MiniDSP 8x12: 400MHz, 32-bit floating point DSP
Helix DSP Pro: 295MHz, 64-bit fixed point DSP

MiniDSP 8x12: 24-bit ADC/DAC
Helix DSP Pro: 32-bit ADC/DAC

MiniDSP 8x12: 192kHz internal sampling rate
Helix DSP Pro: 96kHz internal sampling rate

MiniDSP 8x12: 6V analog output
Helix DSP Pro: 8V analog output


----------



## GreatLaBroski

Thanks for the feedback guys, good to hear that MiniDSP isn’t doing too badly on the 8x12. I’d jump to an 8x12 in a heartbeat if they added Dirac Live to it.
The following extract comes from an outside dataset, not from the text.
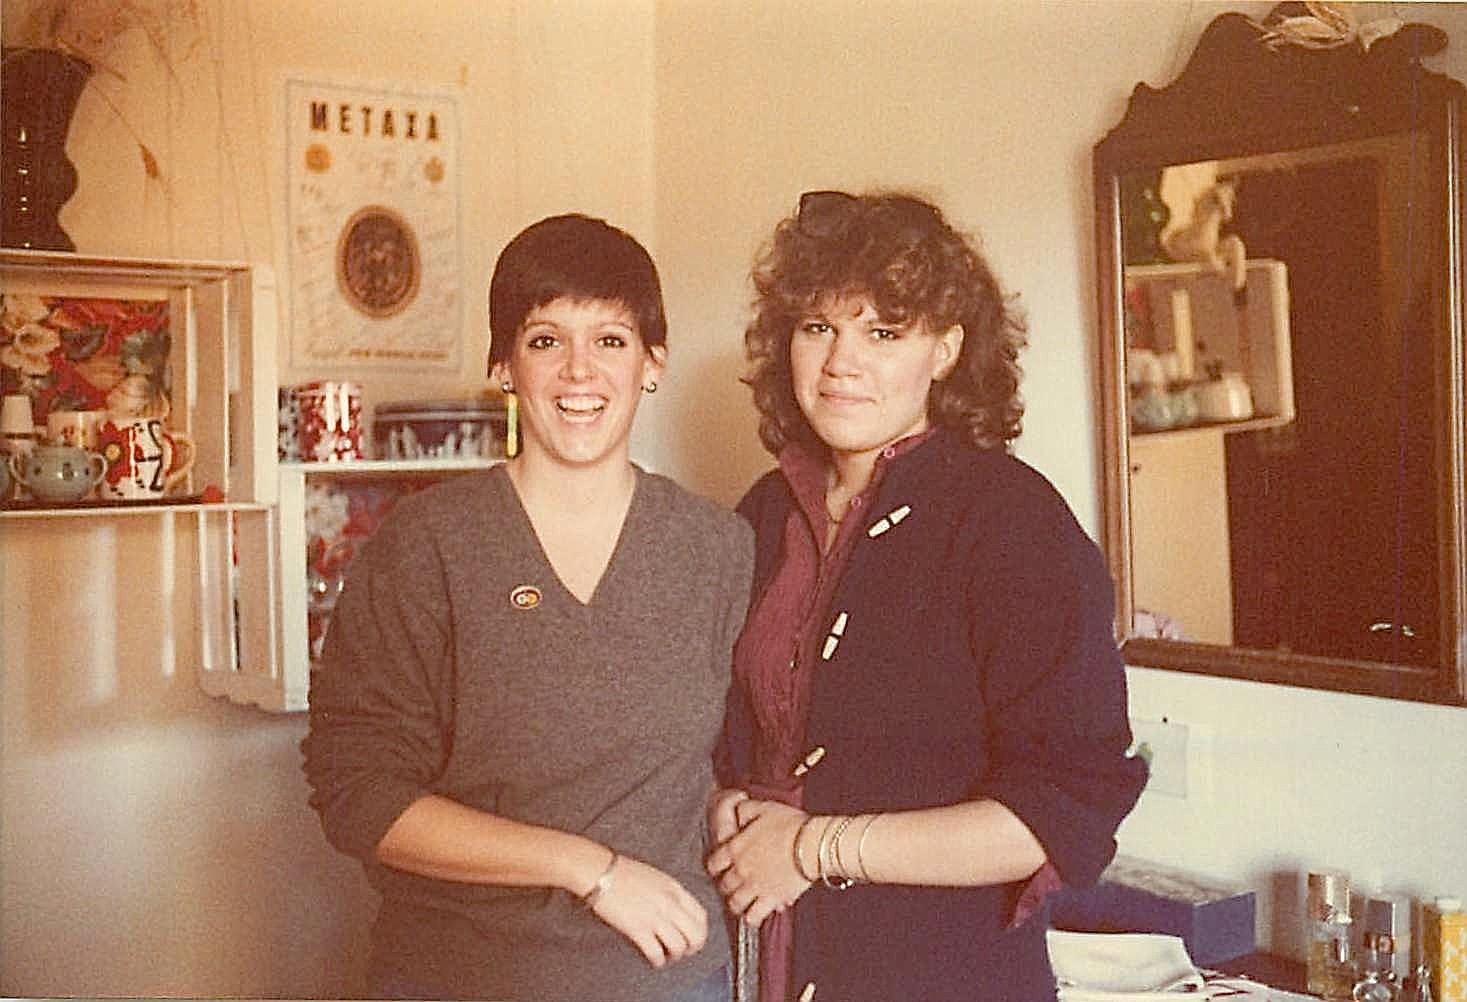 Liz Scheller & Celeste, 1978, Smith College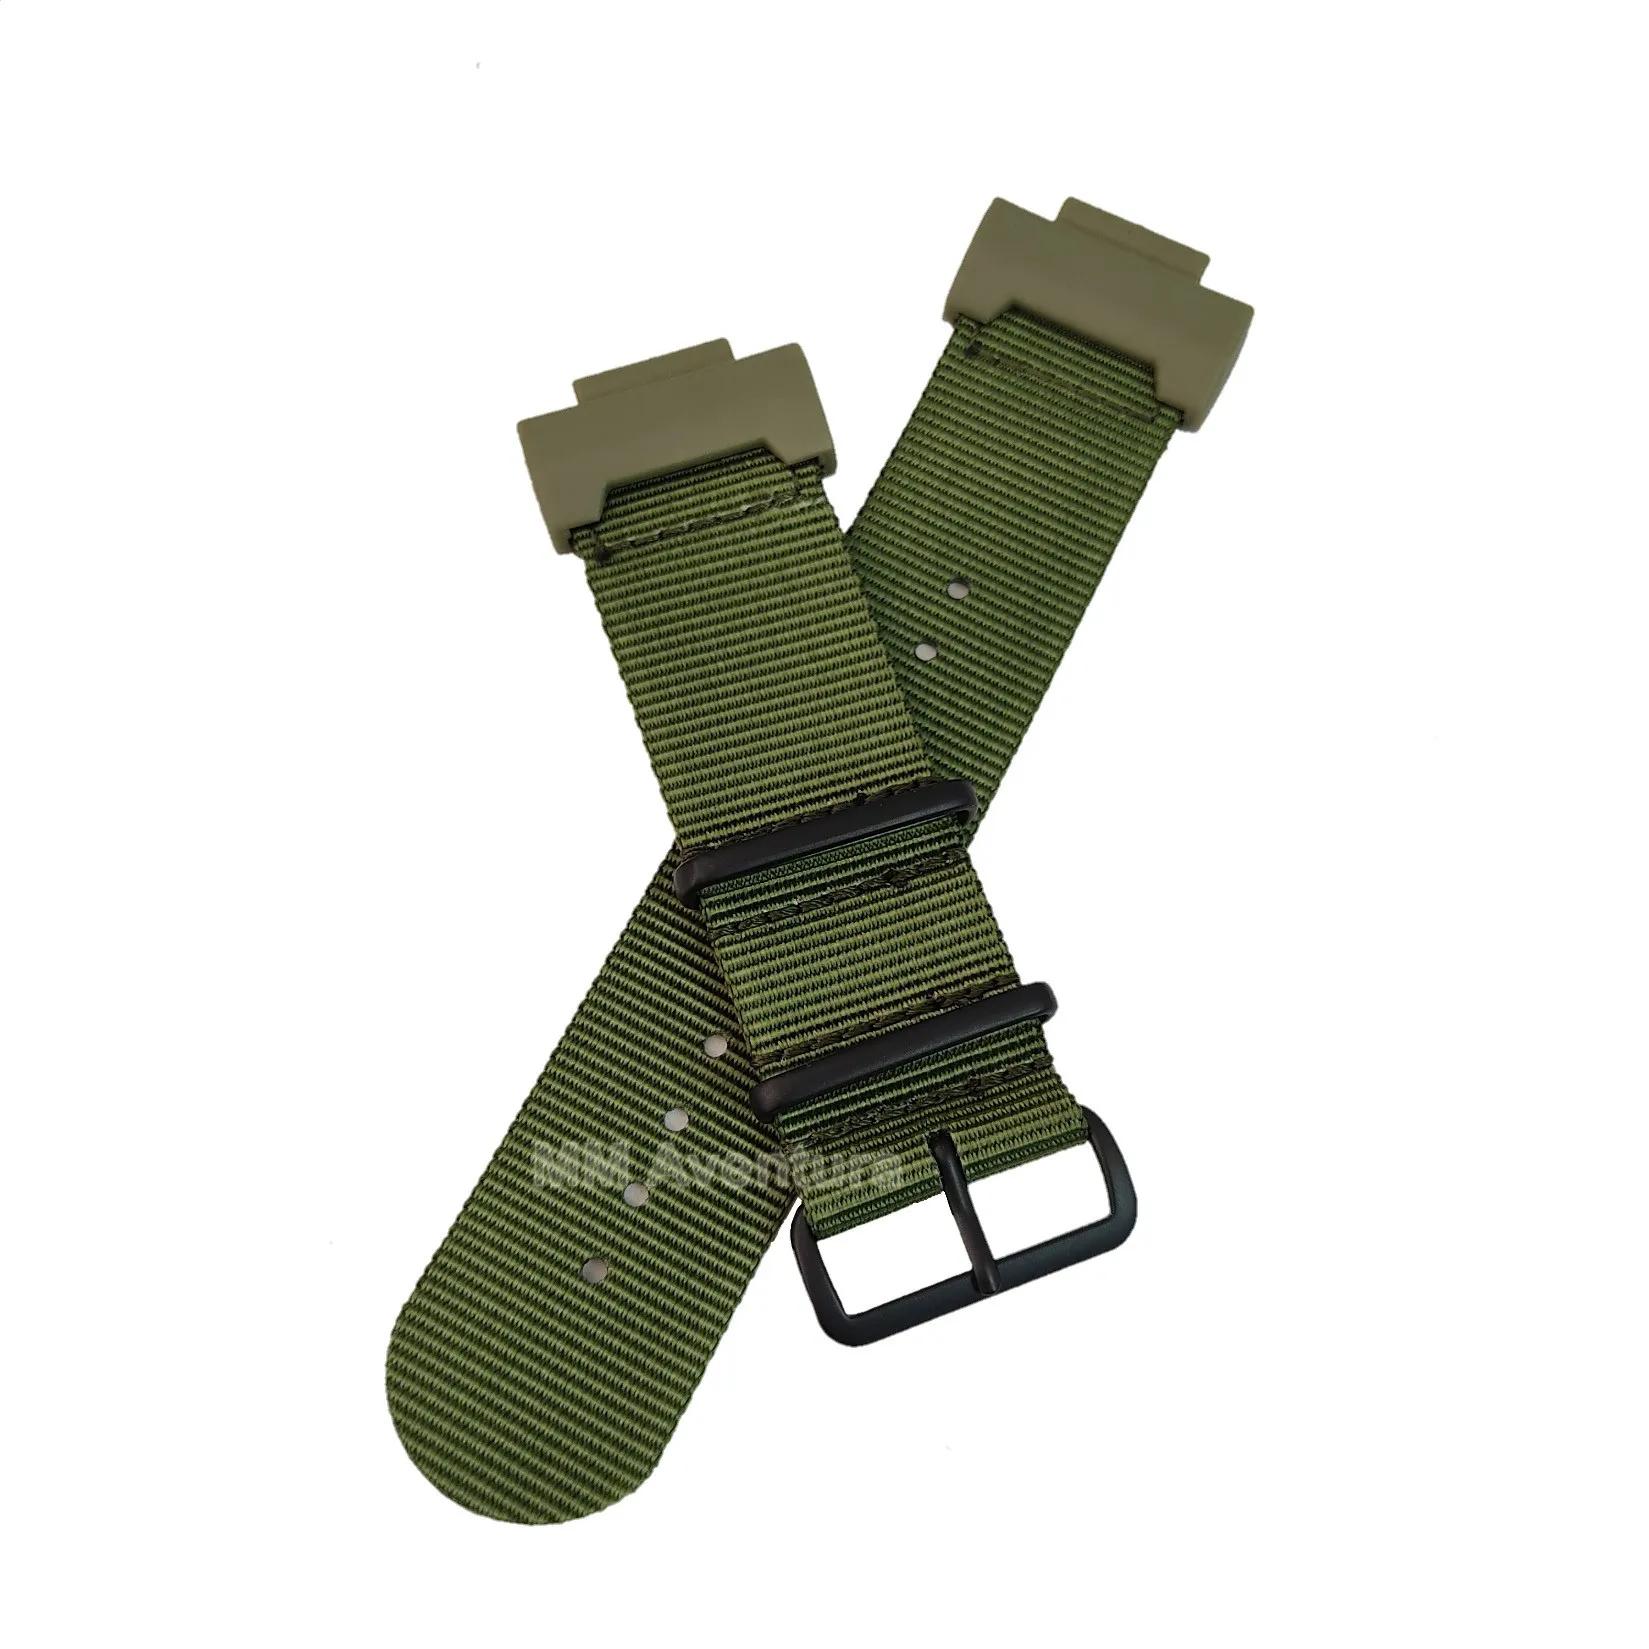 Pulseira de Nylon Nato JaysAndKays c/ Adaptador para G-Shock GX56 GW9400 G9000 G9300 Etc

For now I have a 6x8 and (3x) 2x4HD’s to play with.


----------



## naiku

I keep asking them about DIRAC, they always give the same answer that they don't provide any details on things until they are ready to ship.

However, they are not saying they are not working on adding DIRAC, which many people on the MiniDSP forums are also asking for.


----------



## Truthunter

Level matching: Are you guys using the gain settings in the routing tab or in the output tabs to do it?


----------



## Theslaking

Output for me.


----------



## 3MPS23

I use routing for left/right balance and output for sub/mid/tweet balance

Sent from my Pixel 2 XL using Tapatalk


----------



## naiku

3MPS23 said:


> I use routing for left/right balance and output for sub/mid/tweet balance


That's what I do as well.


----------



## Theslaking

3MPS23 said:


> I use routing for left/right balance and output for sub/mid/tweet balance


This is exactly what I do as I didn't respond in detail the first time.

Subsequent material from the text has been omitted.